# Spray On but DONT Agitate



## MarkSmith (Dec 17, 2010)

All the wheel cleaners I have seen say the same - spray onto wheel, agitate with a brush, rinse off. ( I am currently using AG Acid Free Wheel Cleaner )

Is there any good wheel cleaners that you can just spray on, leave and power wash off, without the need to agitate it first, and that will work on even the dirtiest of brake dusted wheels ?


----------



## Darlofan (Nov 24, 2010)

MarkSmith said:


> All the wheel cleaners I have seen say the same - spray onto wheel, agitate with a brush, rinse off. ( I am currently using AG Acid Free Wheel Cleaner )
> 
> Is there any good wheel cleaners that you can just spray on, leave and power wash off, without the need to agitate it first, and that will work on even the dirtiest of brake dusted wheels ?

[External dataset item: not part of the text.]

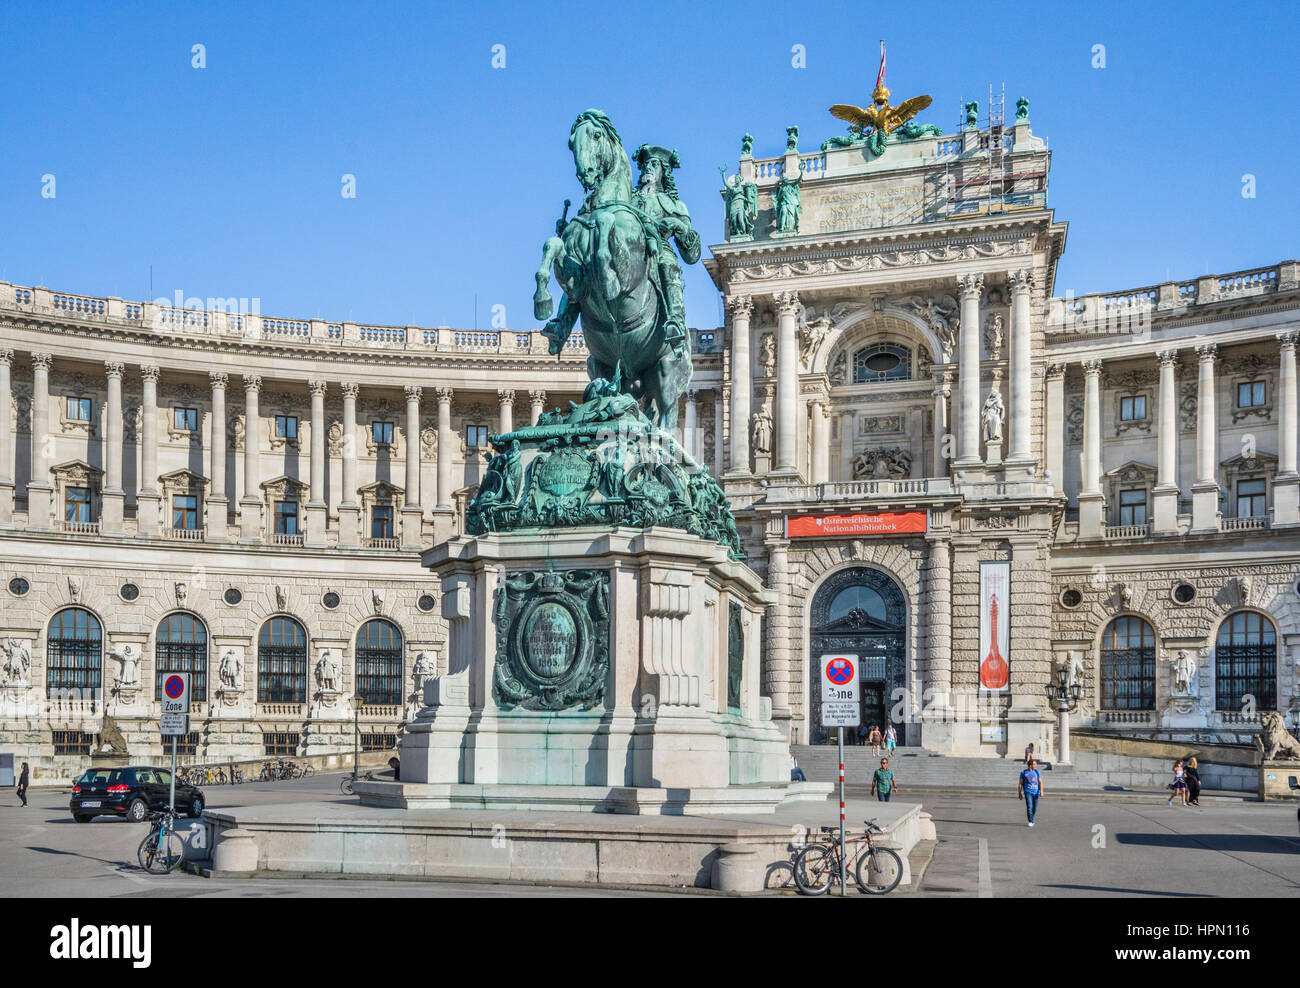 Austria, Vienna, Hofburg Palace, Heldenplatz (Heroes' Square) with equestrian statue of Prince Eugene of Savoy Stock Photo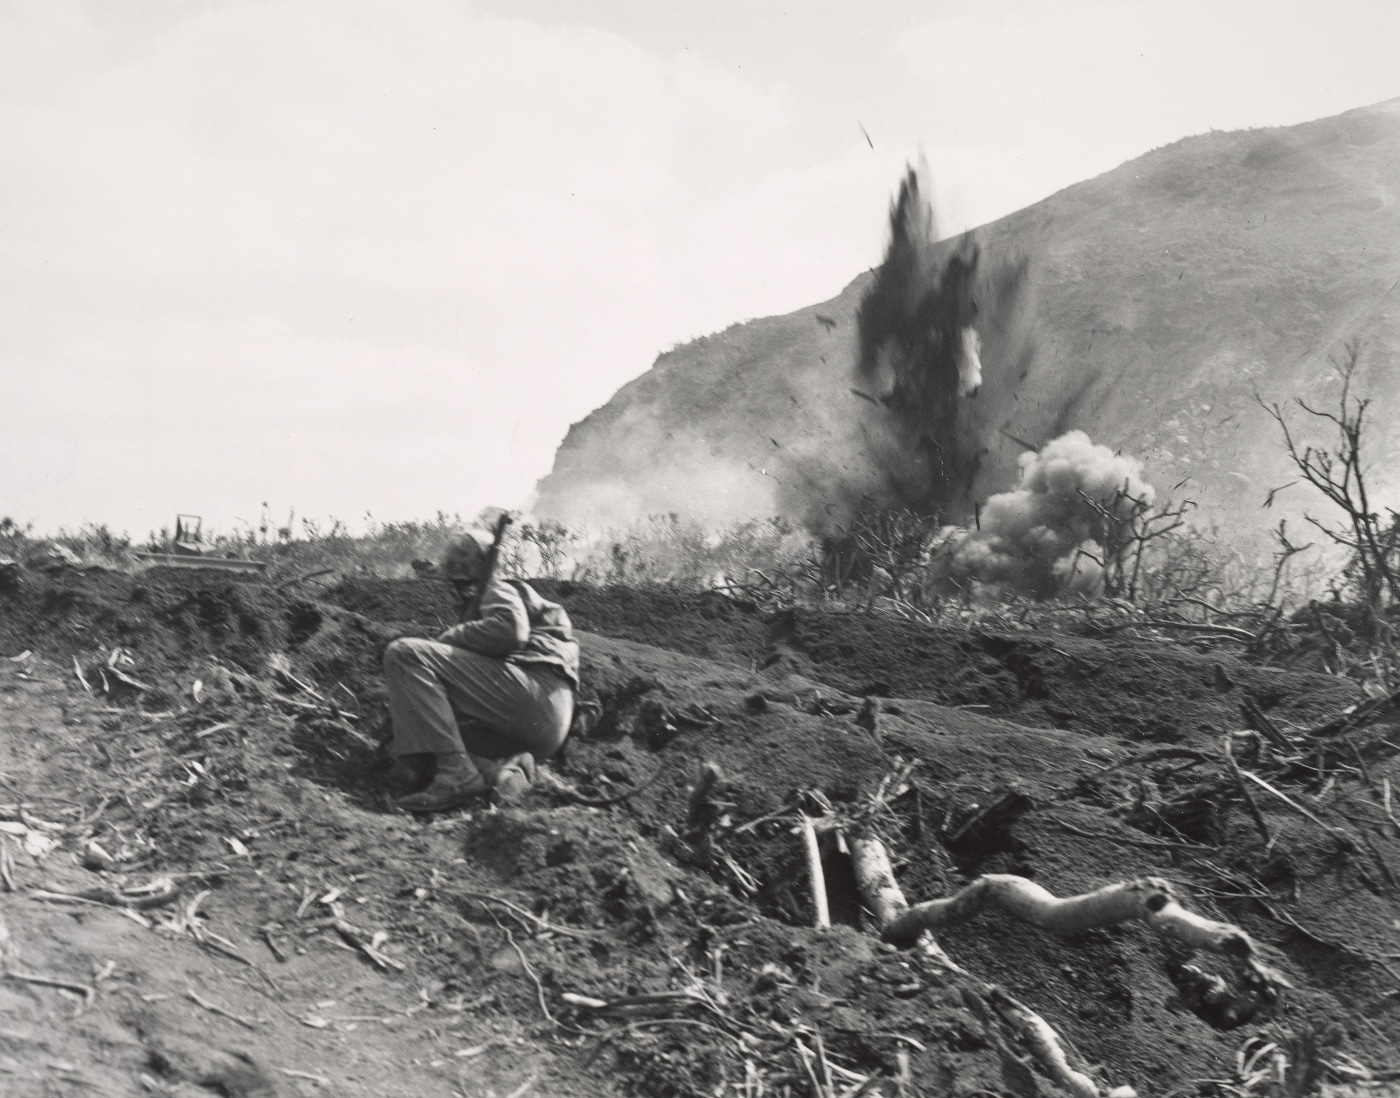 We see naval gunfire hitting Japanese positions at the base of the volcano. In the foreground is a U.S. Marine waiting for the firing to lift so he can move forward.

Bilberry, used it for 1st time last week and did a superb job, i just sprayed it on and jet washed off. Untreated wheels as well and i'm doing 3k miles a month so some serious muck on there.


----------



## MarkSmith (Dec 17, 2010)

Thanks mate, where can I get Bilberry from, I have never heard of it ?


----------



## davies20 (Feb 22, 2009)

Darlofan said:


> Bilberry, used it for 1st time last week and did a superb job, i just sprayed it on and jet washed off. Untreated wheels as well and i'm doing 3k miles a month so some serious muck on there.


might help other people too.

Was this diluted at all, or just neat? :thumb:


----------



## Bratwurst (Jan 23, 2009)

Megs Wheel Brightener and ValetPro Blue Gel will do it, however they are potent products so a definite no-no on damaged or sensitive rims (polished for example).
The easiest way for you in the future is to spend some time to get the wheels REALLY clean and decontaminated and then apply either a sealant, wax or a nano tech product, to minimise the work needed to clean them from then on. Well sealed wheels can then be cleaned with very little effort as long as the products you use don't adversely affect whichever sealant you go for.


----------



## bigmc (Mar 22, 2010)

Bilberry is good but no cheap if you're using it neat. Wolfs brake duster is good stuff too.


----------



## Matt_Nic (Apr 15, 2011)

Bilberry sucks, so does AG non acid wheel cleaner. 
If you want true effort free wheel cleaning, go acidic - try Megs Hot Rims- you wont have to do anything other than squirt then PW off.

I drive an E46 and they're known for serious brake dust pollution. Bilberry doesnt touch it - even WITH aggitation. I find even Simoniz wheel cleaner gel works bette for £4 a bottle!

www.halfords.com/webapp/wcs/stores/..._productId_199237_langId_-1_categoryId_255235

http://www.detailingworld.co.uk/forum/showthread.php?t=234668

Both do a very very good job of cleaning with no effort required.


----------



## Darlofan (Nov 24, 2010)

Got mine from elite on here, but sure lots of the guys on here supply it.

http://www.elitecarcare.co.uk/advanced_search_result.php?keywords=bilberry&osCsid=4b94c24fedd86fce6f5f60ffb7a4a2cc&x=0&y=0

Hope that link works.

I diluted mine 3-1 but you can dilute as much as you like depending on level of crap to shift:thumb:


----------



## Matt_Nic (Apr 15, 2011)

I reckon those that praise Bilberry must have almost zero dust from their brakes or never use them. 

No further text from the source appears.